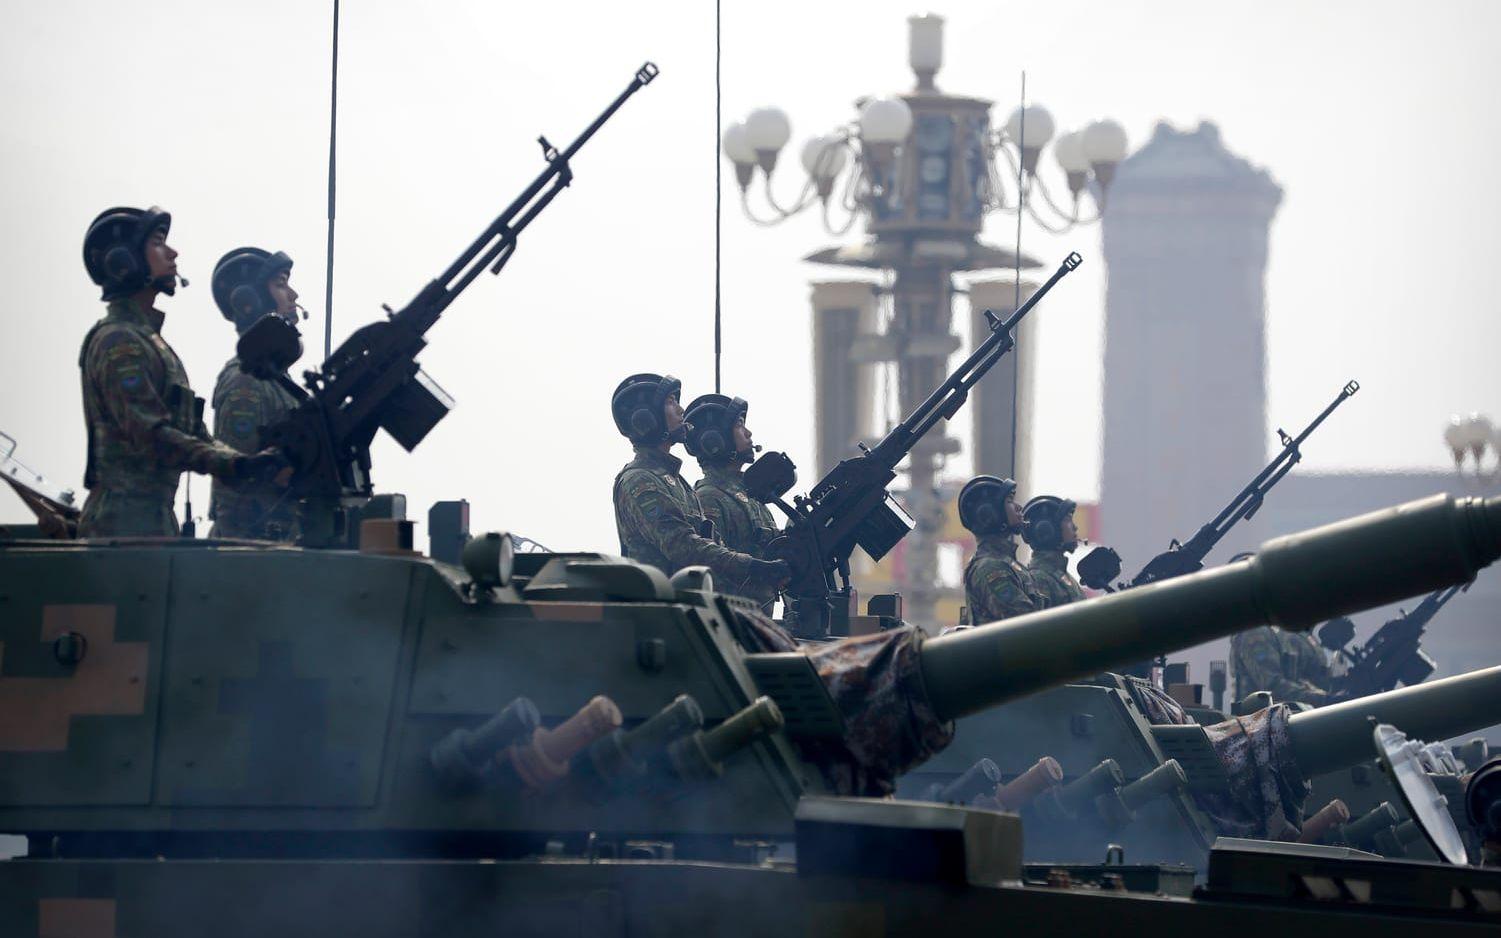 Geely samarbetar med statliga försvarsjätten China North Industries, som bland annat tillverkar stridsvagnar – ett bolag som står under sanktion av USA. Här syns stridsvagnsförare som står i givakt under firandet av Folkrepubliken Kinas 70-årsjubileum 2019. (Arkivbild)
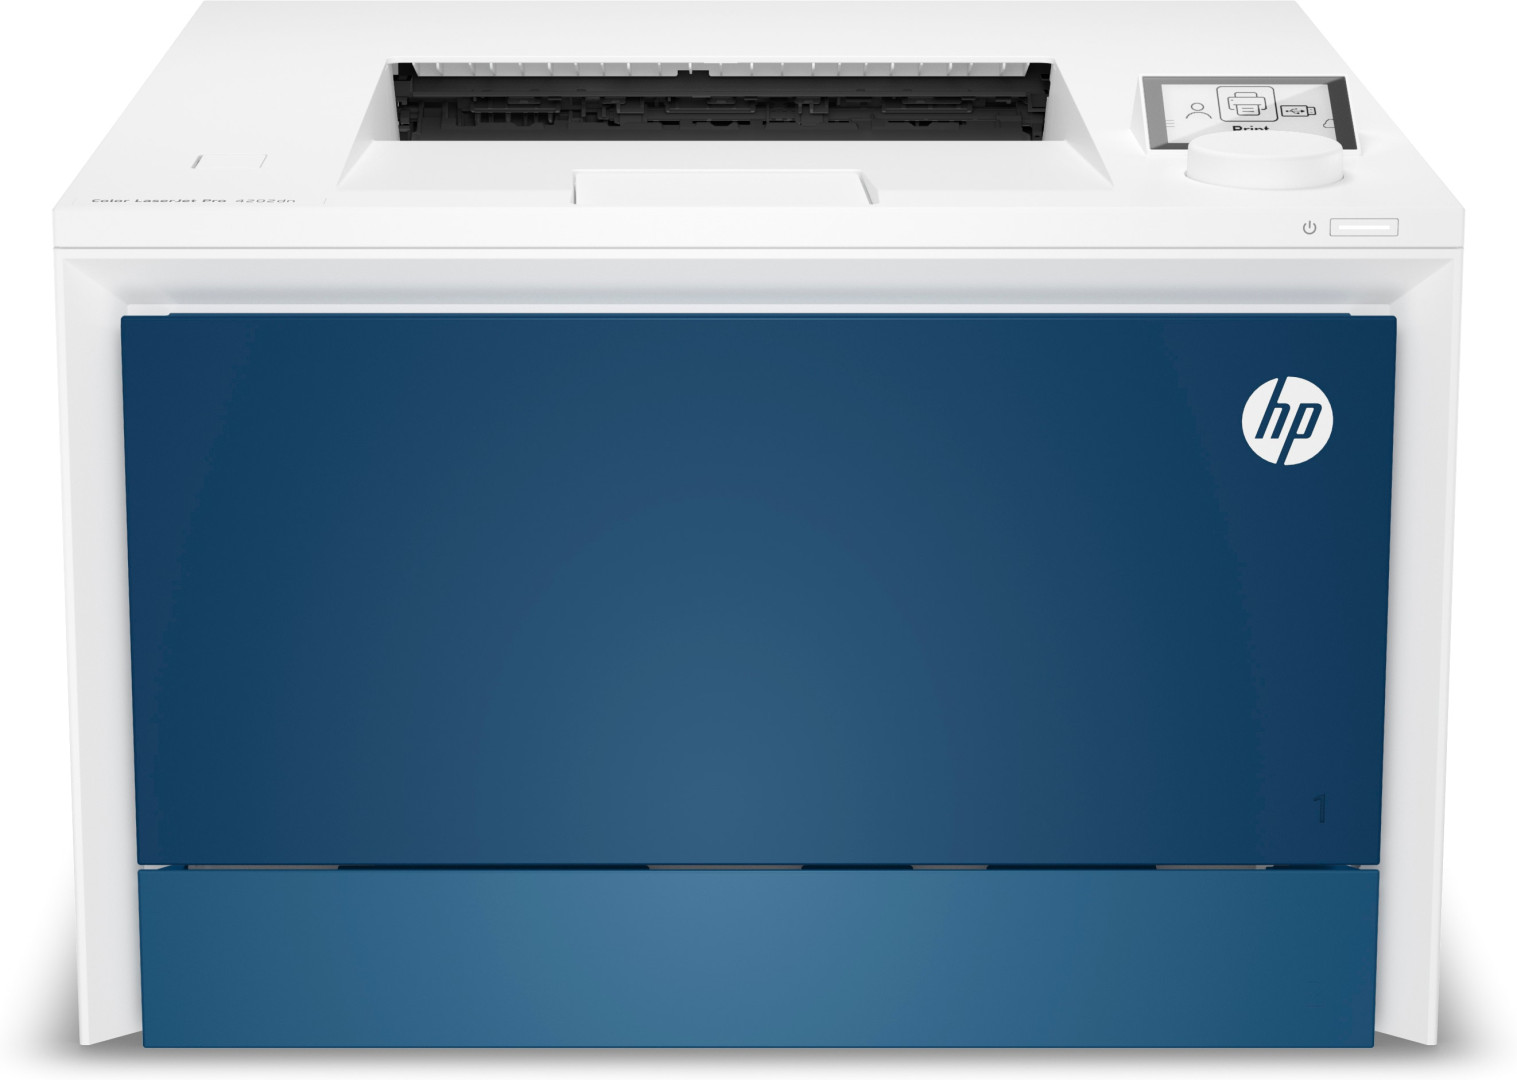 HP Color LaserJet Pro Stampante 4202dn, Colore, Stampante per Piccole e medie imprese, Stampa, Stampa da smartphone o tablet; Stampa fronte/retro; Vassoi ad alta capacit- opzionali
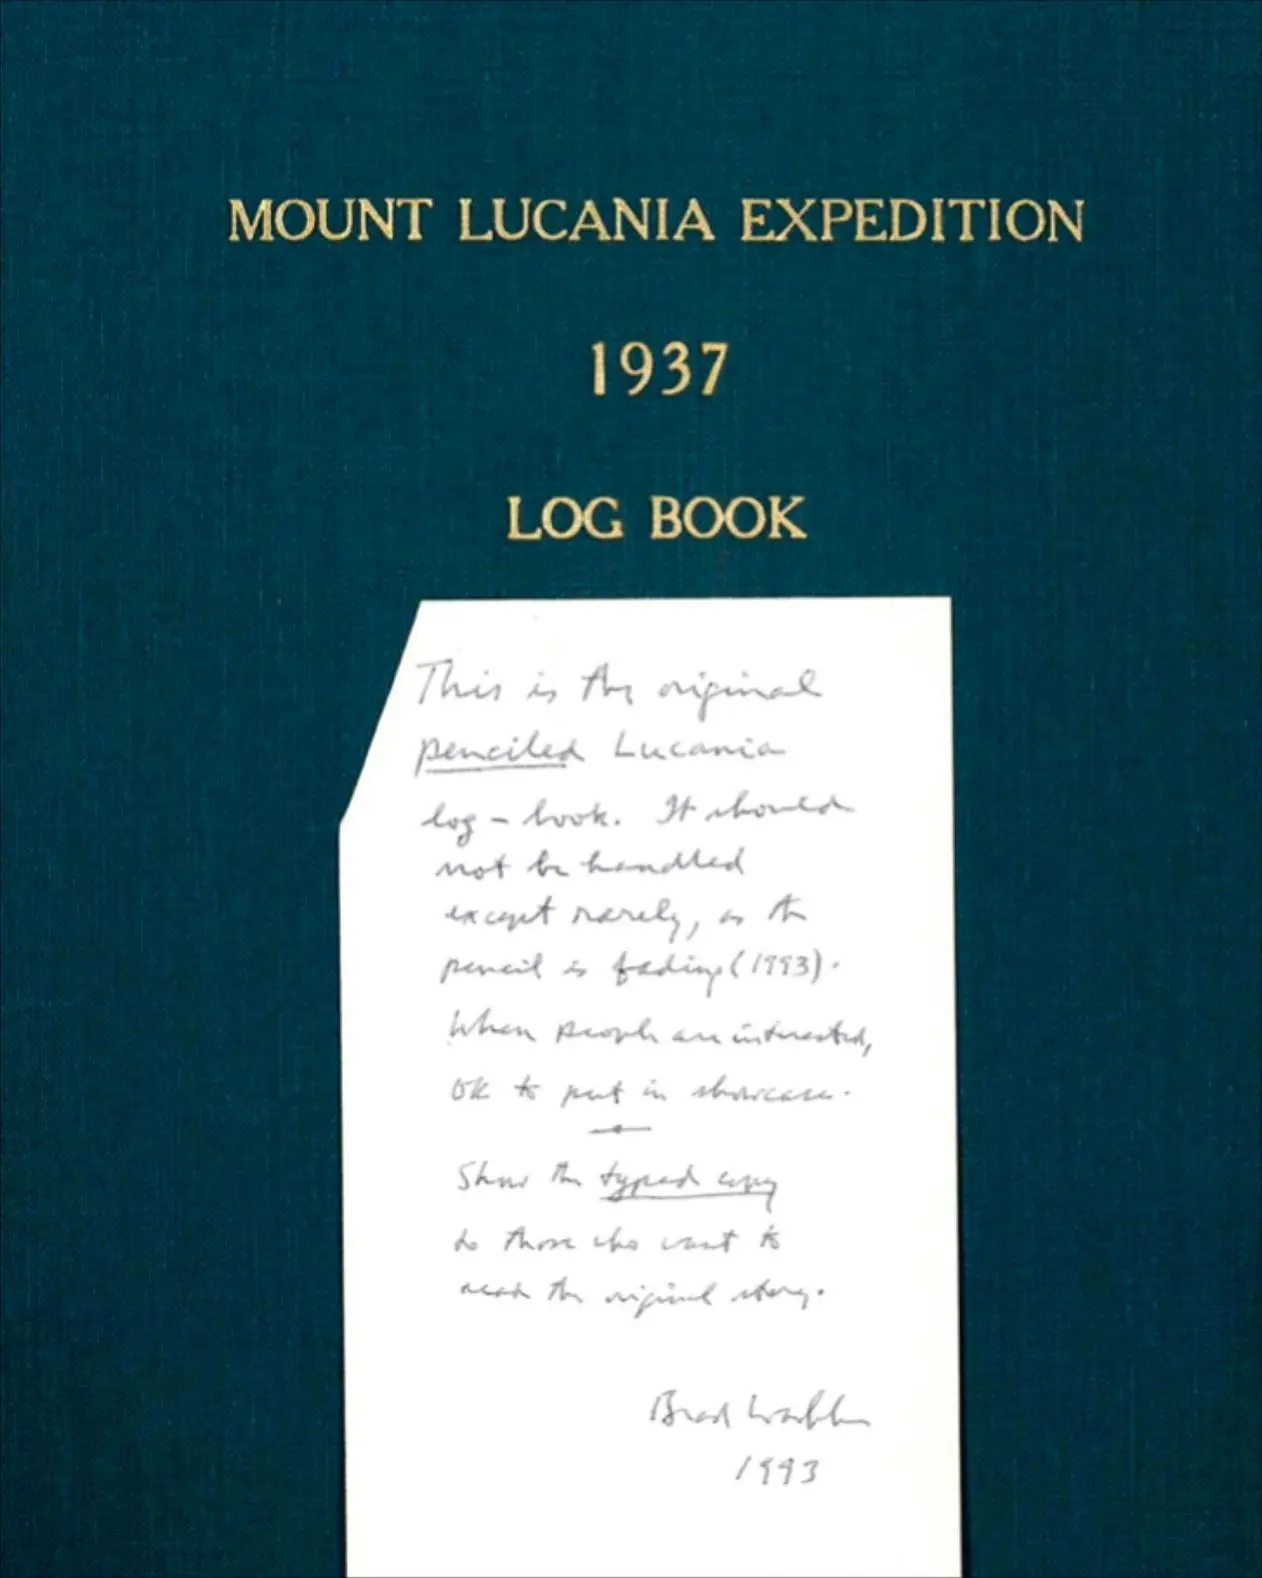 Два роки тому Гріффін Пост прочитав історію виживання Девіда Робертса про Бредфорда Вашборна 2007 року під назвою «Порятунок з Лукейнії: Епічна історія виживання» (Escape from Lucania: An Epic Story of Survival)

• [Action item] A word-for-word repeat is expected of the lines from the one with "HP Color LaserJet" to the end of the data, both included; pictures are not part of it.

• [Exercise result]
 HP Color LaserJet Pro Stampante 4202dn, Colore, Stampante per Piccole e medie imprese, Stampa, Stampa da smartphone o tablet; Stampa fronte/retro; Vassoi ad alta capacit- opzionali
 Два роки тому Гріффін Пост прочитав історію виживання Девіда Робертса про Бредфорда Вашборна 2007 року під назвою «Порятунок з Лукейнії: Епічна історія виживання» (Escape from Lucania: An Epic Story of Survival)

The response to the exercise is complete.